Page MenuHomePhabricator

interwikibot crashes when page is empty
Closed, ResolvedPublic

Description

interwiki.py -wiktionary found [[yi:אנו]], which is empty:

======Post-processing [[cs:'nv]]======
Updating links on page [[lt:'nv]].
Changes to be made: +Interwiki
@@ -22,0 +23 @@
+ [[cs:'nv]]

@@ -31 +32 @@
- [[yi:'nv]]
+ [[yi:'nv]]

`NOTE: Updating live wiki...
Updating links on page [[tr:'nv]].
Changes to be made: +Interwiki
@@ -9,0 +10 @@
+ [[cs:'nv]]

@@ -18 +19 @@
- [[yi:'nv]]
+ [[yi:'nv]]


NOTE: Updating live wiki...
Not editing [[yi:'nv]]: page is empty
Dump cs (wiktionary) appended.
Traceback (most recent call last):
  File "I:\py\rewrite\pwb.py", line 222, in <module>
    run_python_file(filename, argv, argvu, file_package)
  File "I:\py\rewrite\pwb.py", line 81, in run_python_file
    main_mod.__dict__)
  File "I:\py\rewrite\scripts\interwiki.py", line 2647, in <module>
    main()
  File "I:\py\rewrite\scripts\interwiki.py", line 2622, in main
    bot.run()
  File "I:\py\rewrite\scripts\interwiki.py", line 2365, in run
    self.queryStep()
  File "I:\py\rewrite\scripts\interwiki.py", line 2343, in queryStep
    subj.finish()
  File "I:\py\rewrite\scripts\interwiki.py", line 1790, in finish
    if self.replaceLinks(page, new):
  File "I:\py\rewrite\scripts\interwiki.py", line 1846, in replaceLinks
    raise SaveError
TypeError: __init__() takes exactly 2 arguments (1 given)
Page [[lt:'nv]] saved
Page [[tr:'nv]] saved
<type 'exceptions.TypeError'>
CRITICAL: Waiting for 1 network thread(s) to finish. Press ctrl-c to abort

Event Timeline

JAnD raised the priority of this task from to Needs Triage.
JAnD updated the task description. (Show Details)
JAnD subscribed.
JAnD triaged this task as High priority.Jan 1 2015, 9:04 PM
JAnD set Security to None.

Okay this looks like a bug in the script. The Error class in pywikibot.exceptions requires at least 1 additional parameter (the other is defined automatically) since cde6b11565e2068bf052041dd2ad563658c4faf3 and the interwiki.py script is calling SaveError without a parameter since e8c2790c5b8bd38d905ff32c6f5ca9efd7d3721b, which was uploaded about three years after the change to the Error class (in fact this was the second change to pywikibot.exceptions only when this happened). At that time SaveError already [[https://github.com/wikimedia/pywikibot-core/blob/e8c2790c5b8bd38d905ff32c6f5ca9efd7d3721b/scripts/interwiki.py#L362|subclassed Error]] so this bug is probably in it ever since.

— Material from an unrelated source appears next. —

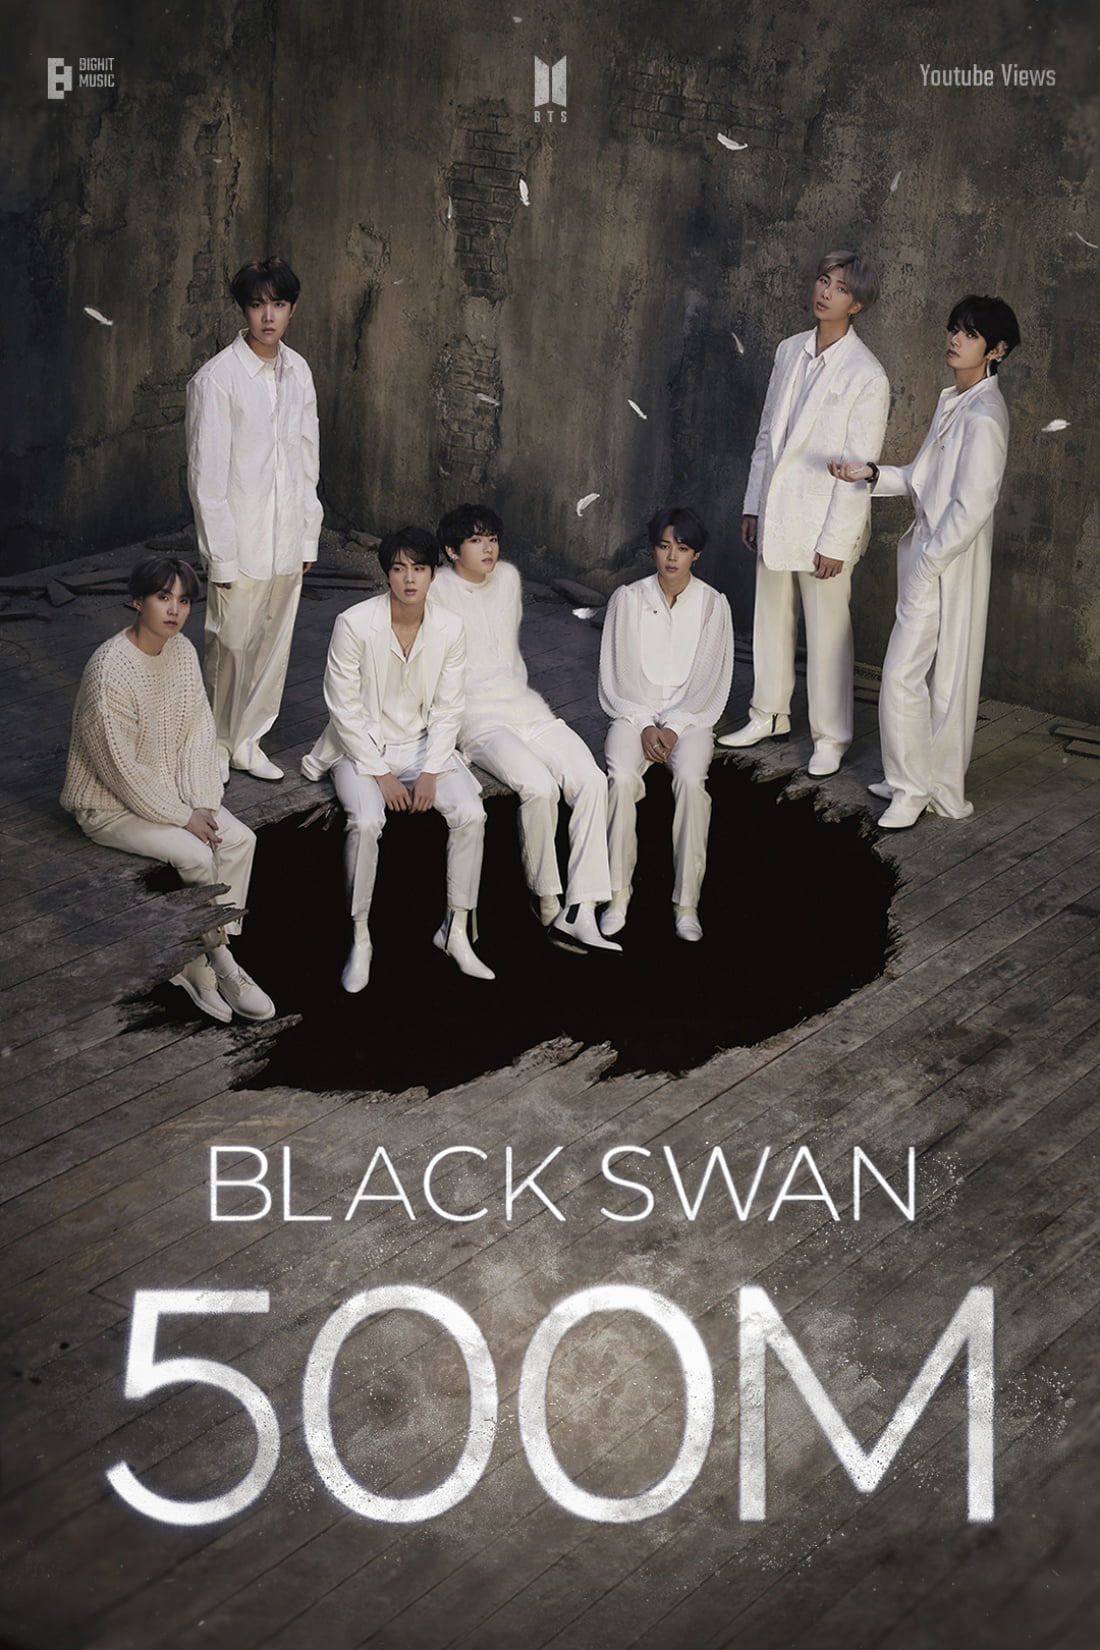 BTS, 'Black Swan' MV exceeds 500 million views... 17th in total

I'll upload a patch shortly (shouldn't be to complex).

Change 182425 had a related patch set uploaded (by Mpaa):
Interwikibot crashes when page is empty

https://gerrit.wikimedia.org/r/182425

Patch-For-Review

XZise subscribed.

XZise, sorry, didn't see your comment. We were working in parallel :-)

Yeah I just wanted to make sure that there wasn't another underlying breakage like that Error class originally didn't require a parameter and that it was changed recently (which could cause other errors). And well I wouldn't have used a unicode string ;) If you want you can include the info from above into the commit message so that others don't think it was broken recently.

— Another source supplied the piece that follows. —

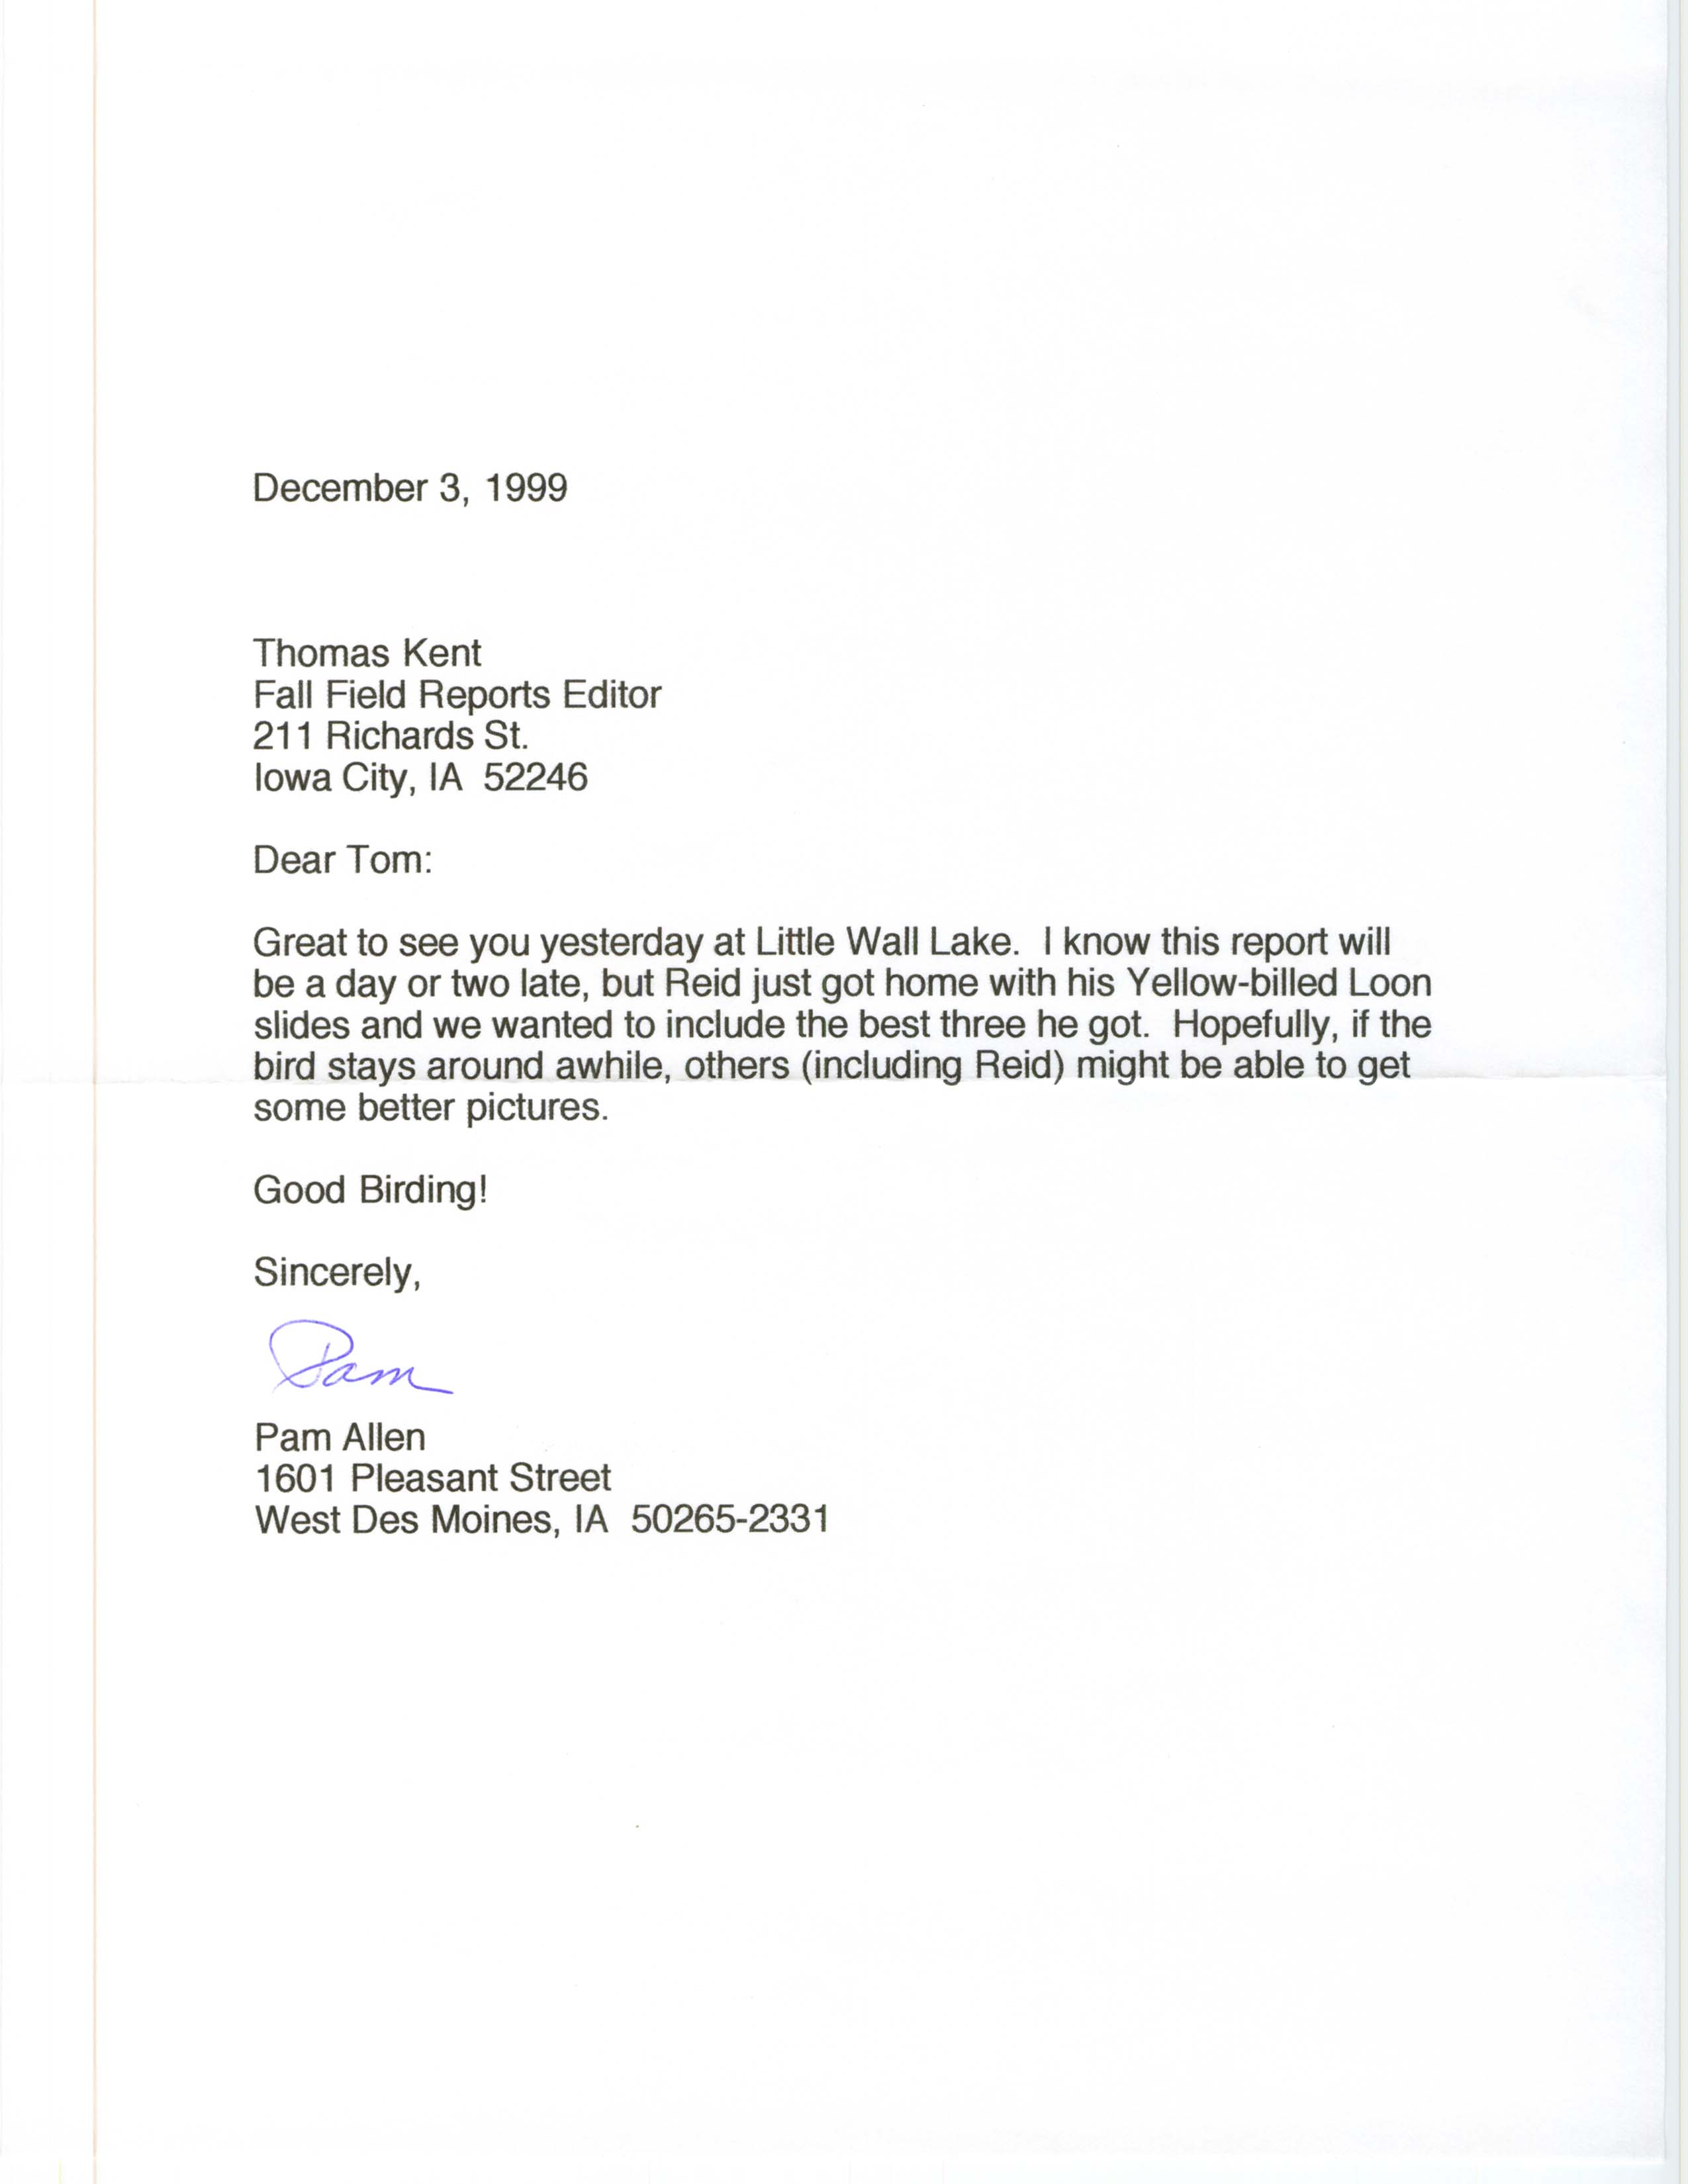 Pam Allen letter to Thomas Kent regarding Yellow-billed Loon slides, December 3, 1999

If possible @JAnD, could you test @Mpaa patch please because I'd say it's looking good (surprise ;) ).

The relevant code was added in 2011 by @Xqt , mentioning https://sourceforge.net/support/tracker.php?aid=3414669 , but that URL is now 404. It would be nice to know what that problem was. I am wondering why this bug hasnt been hit in 2+ years.

Anyway, the problematic page appears to be https://yi.wiktionary.org/w/index.php?title=%D7%90%D7%A0%D7%95&action=history&uselang=en . Worth noting that has never been truly empty. It has three (3) characters, whereas page.isEmpty() returns true for any page with less than four (4) characters. This 'greater than 4 characters' rule was especially introduced for interwiki.py (and is only used by interwiki.py), in 2004. https://mediawiki.org/wiki/Special:Code/pywikipedia/405

Change 182425 merged by jenkins-bot:
Interwikibot crashes when page is empty

https://gerrit.wikimedia.org/r/182425